= WHAT TO DO =
Give the listing again word for word, excluding the pictures it contains.
======== SUPPLIED DATA ========
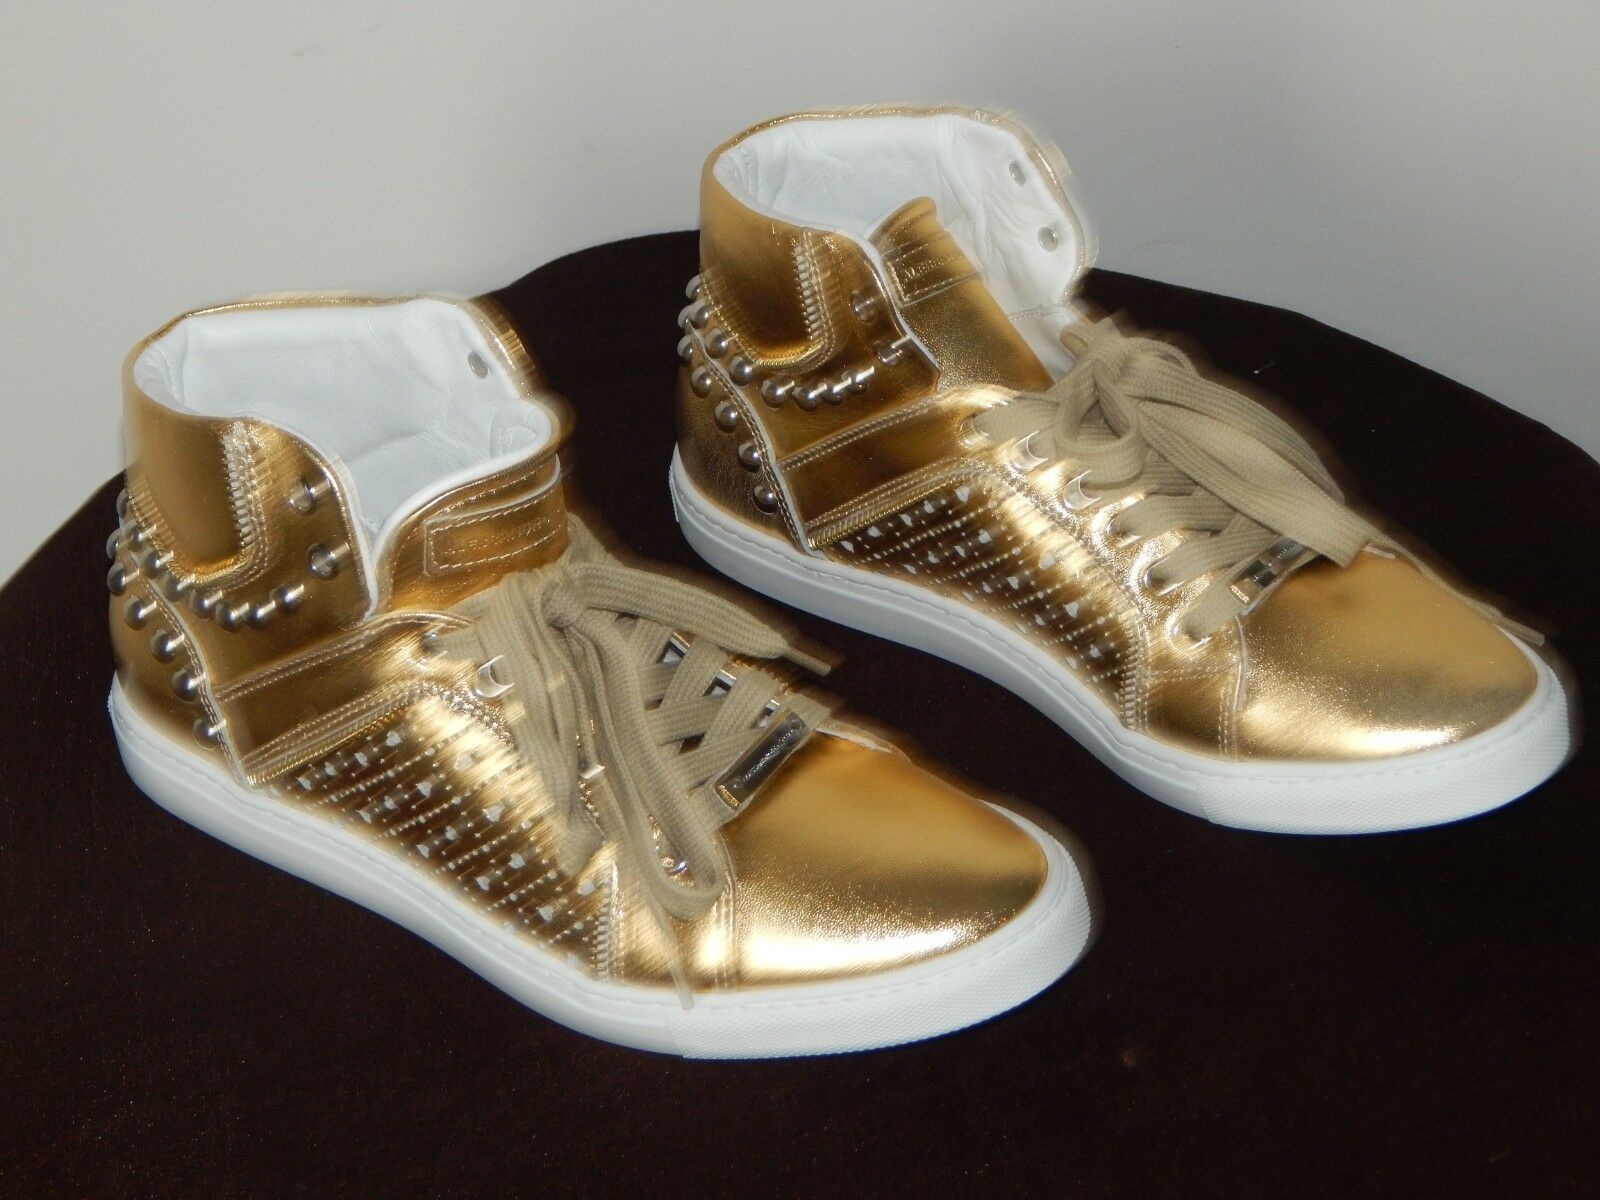 NIB  Alessandro Dell Acqua Studded High -Top Leather scarpe da ginnastica scarpe oro 7.5 -8.5  shopping online e negozio di moda
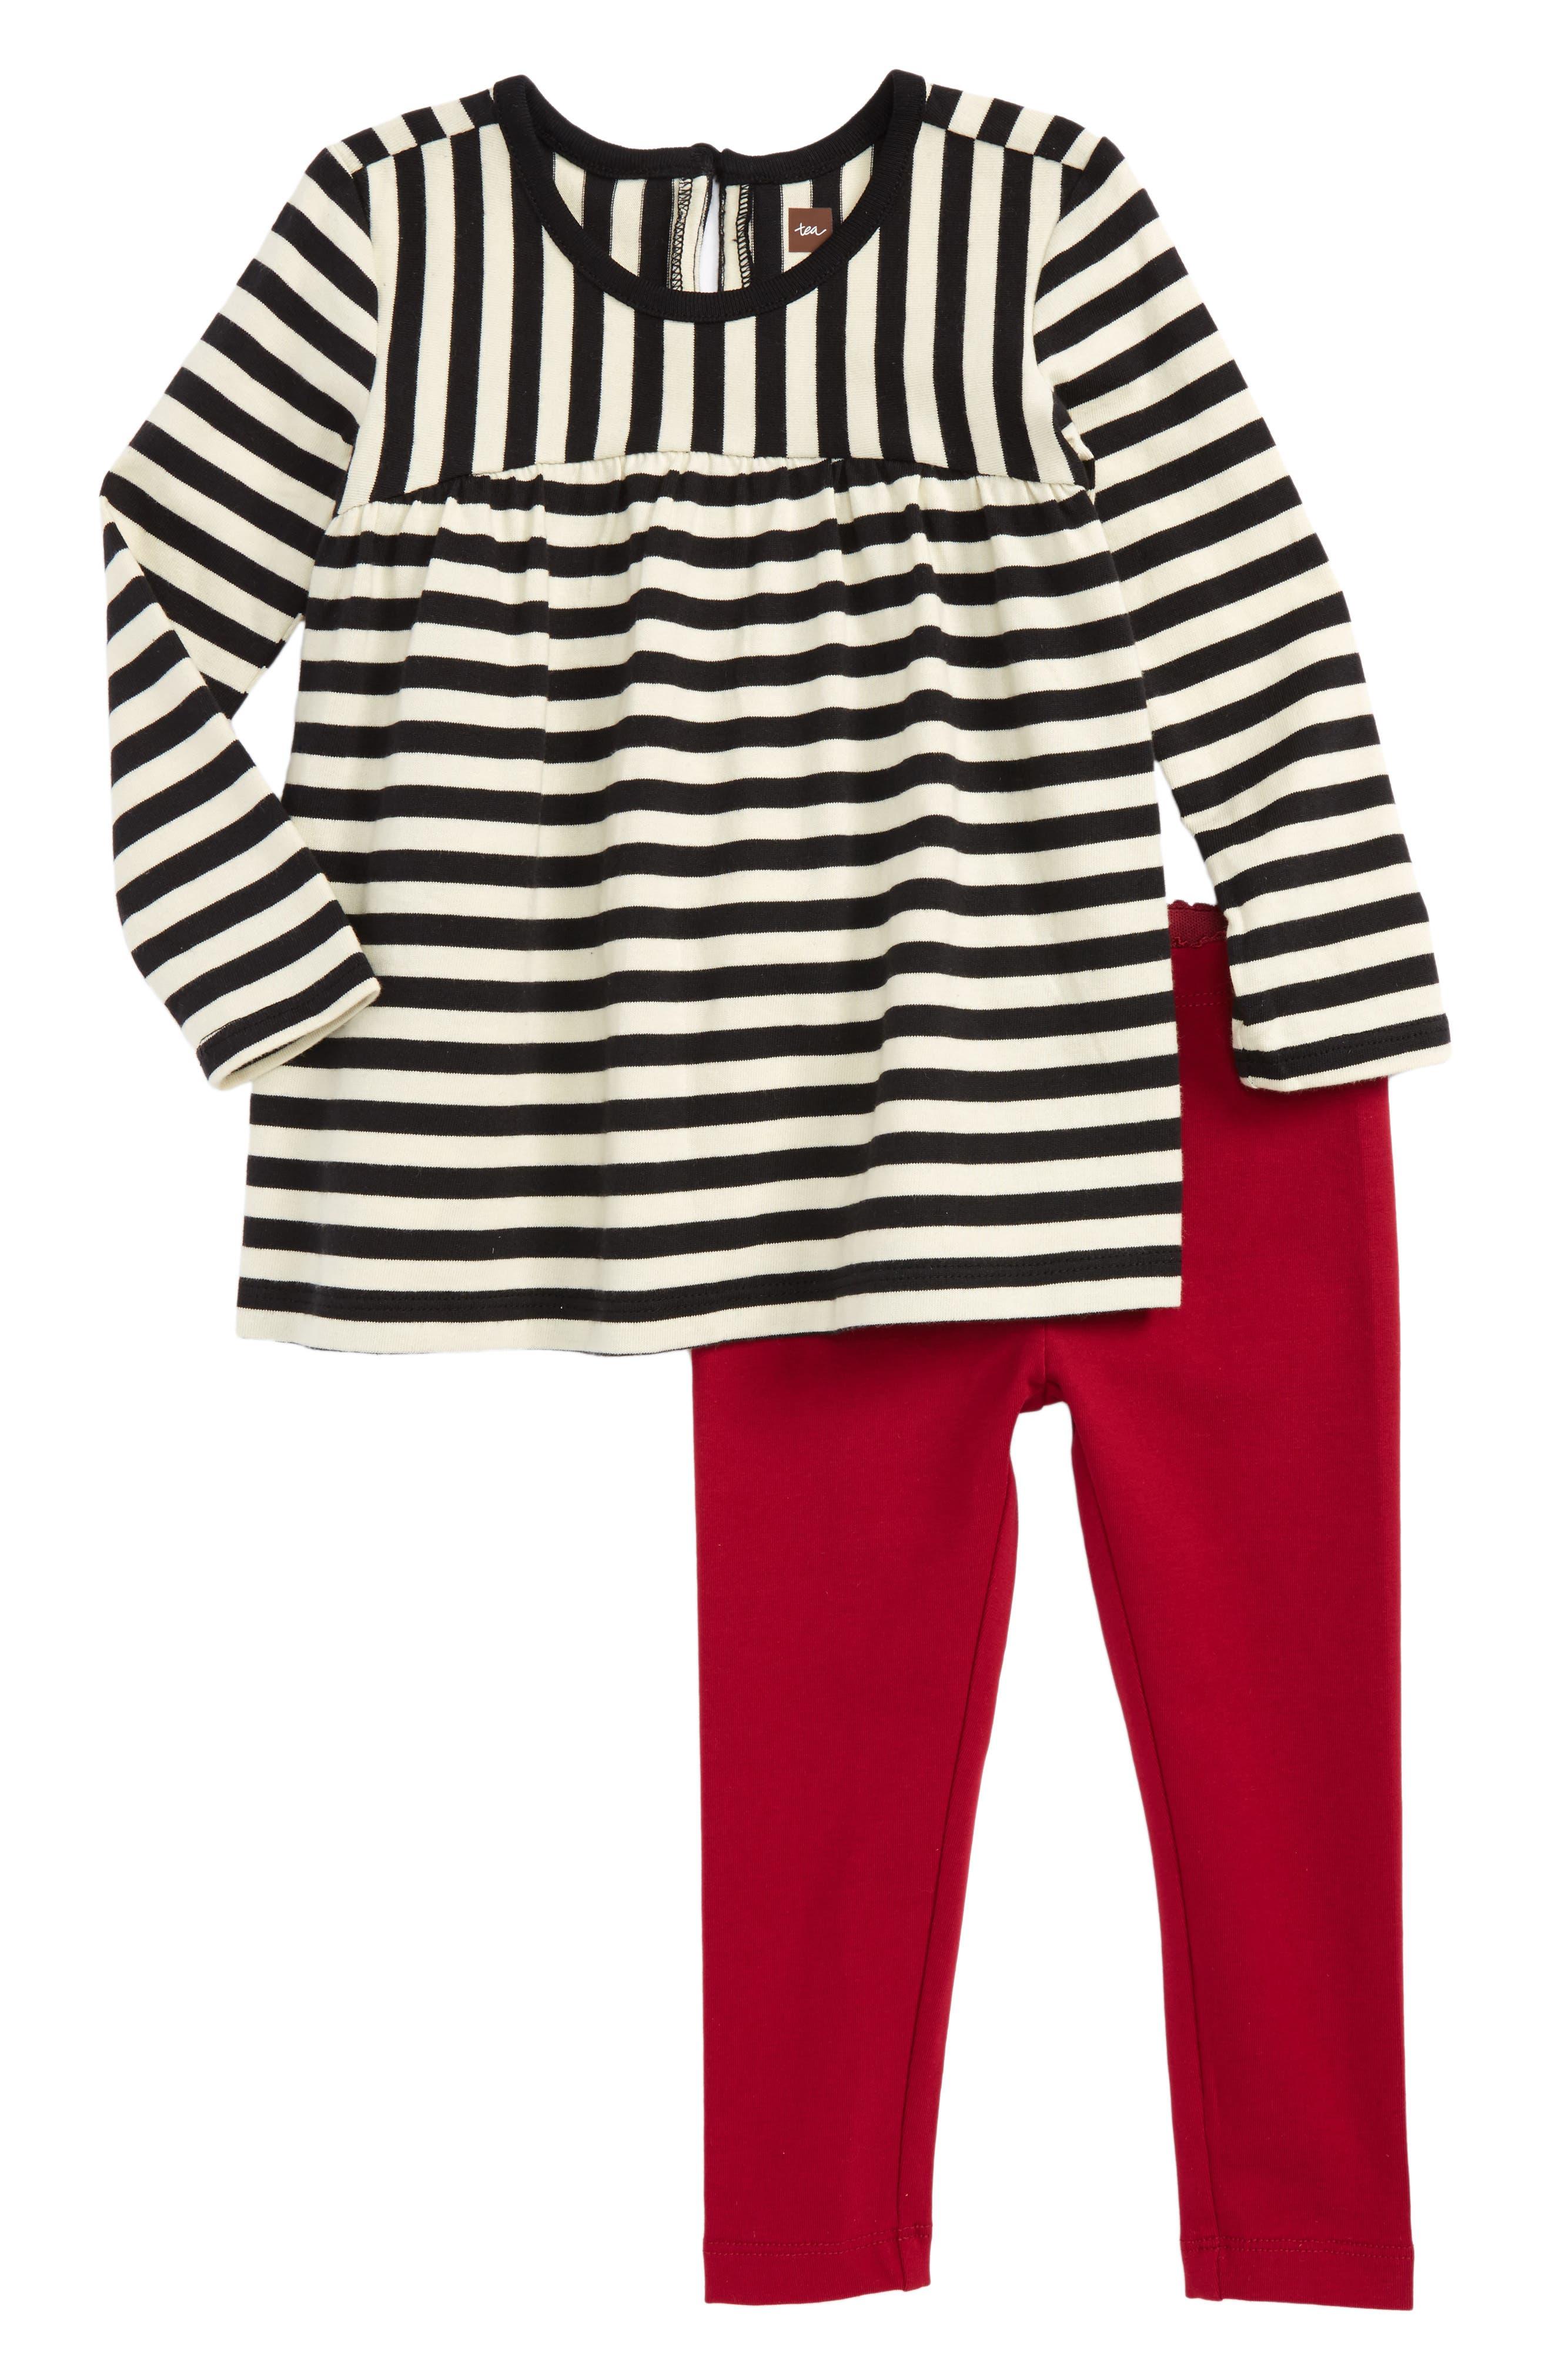 Alternate Image 1 Selected - Tea Collection Jura Stripe Top & Leggings Set (Baby Girls & Toddler Girls)
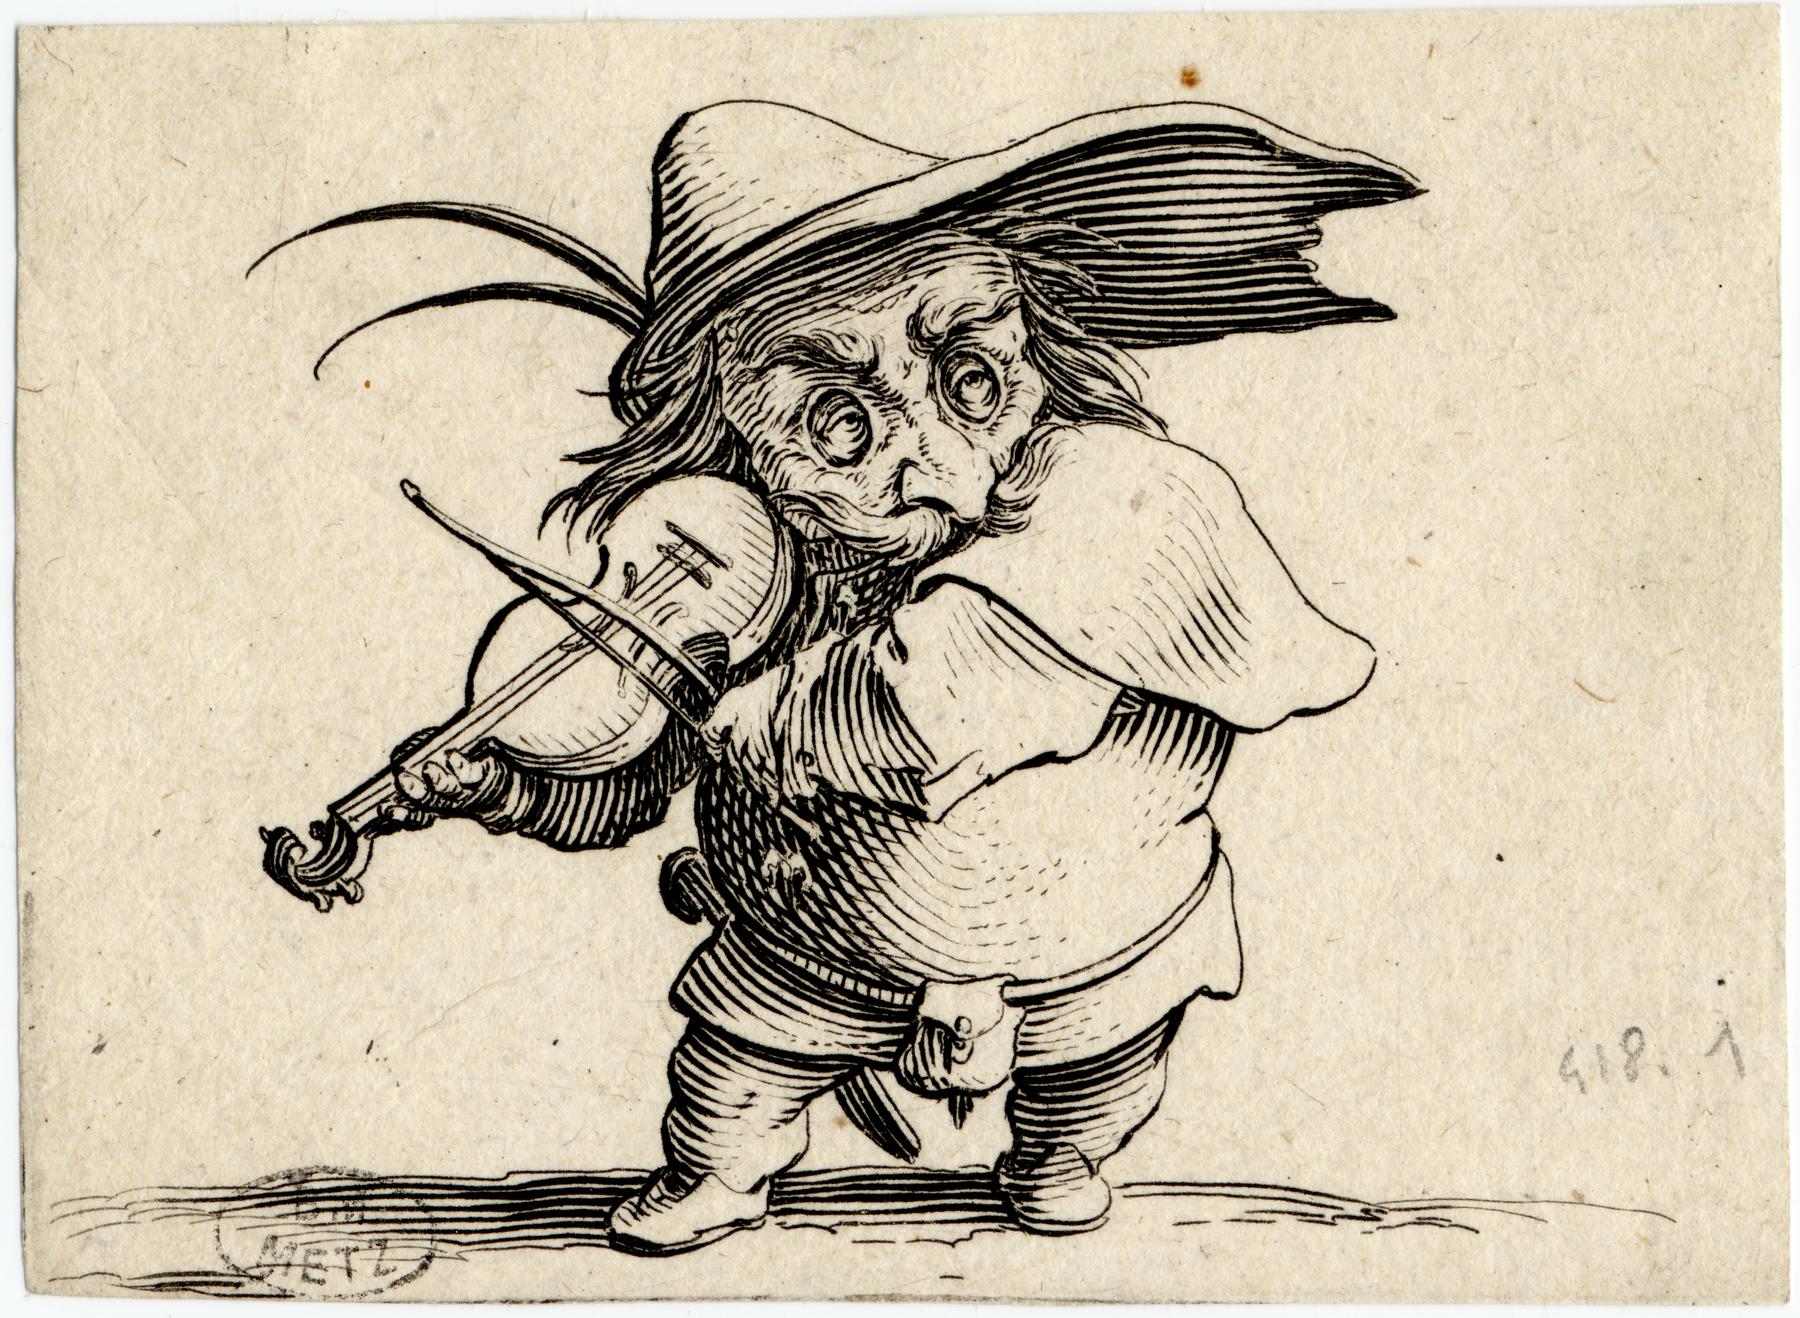 Contenu du Les Gobbi: Le joueur de violon
========
= EXERCISE RESULT =
 NIB  Alessandro Dell Acqua Studded High -Top Leather scarpe da ginnastica scarpe oro 7.5 -8.5  shopping online e negozio di moda
 Alternate Image 1 Selected - Tea Collection Jura Stripe Top & Leggings Set (Baby Girls & Toddler Girls)
 Contenu du Les Gobbi: Le joueur de violon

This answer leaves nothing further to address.